Lifetu Selengue

Personal information
- Born: December 27, 1976 (age 49) Kinshasa, DRC
- Listed height: 202 cm (6.63 ft)
- Listed weight: 90 kg (198 lb)
- Position: Center

Career history
- 0000–2002: Primeiro de Agosto
- 2003–2005: Petro Atlético
- 2006: CDUAN
- 2007–2008: Interclube
- 2010: ASA
- 2010–present: Interclube
- 2014–2014: Recreativo do Libolo

= Lifetu Selengue =

Congolese basketball player (born 1976)

Celo Lifetu Selengue (born December 27, 1976, in Kinshasa) is a retired Congolese basketball player. He is listed at 6 feet 3 inches and 203 pounds.

He played for Interclube at the Angolan major basketball league BAI Basket from 2010 to 2013.

In January 2014, he signed a 1-year deal with Recreativo do Libolo.

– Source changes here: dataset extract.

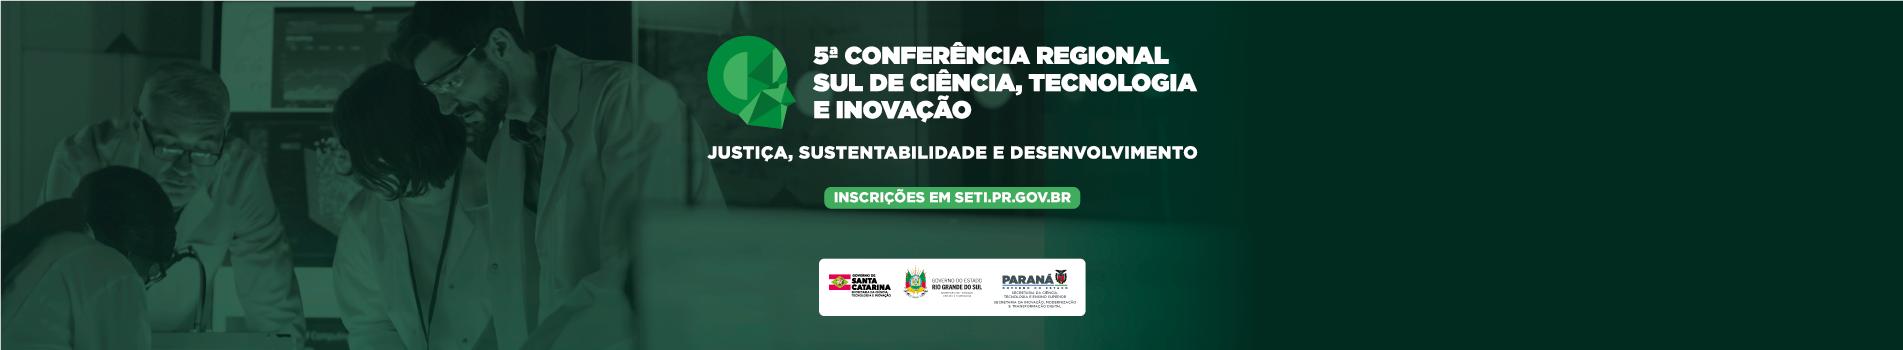 5ª Conferência Regional Sul de Ciência, Tecnologia e Inovação

In March 2014, on the course of the 2013–14 BAI Basket, Primeiro de Agosto filed a claim, accusing Selenge of playing for Recreativo do Libolo as an Angolan national. He was subsequently suspended and accused by the Angolan Basketball Federation of possession of a forged Angolan nationality, possibly facing criminal charges.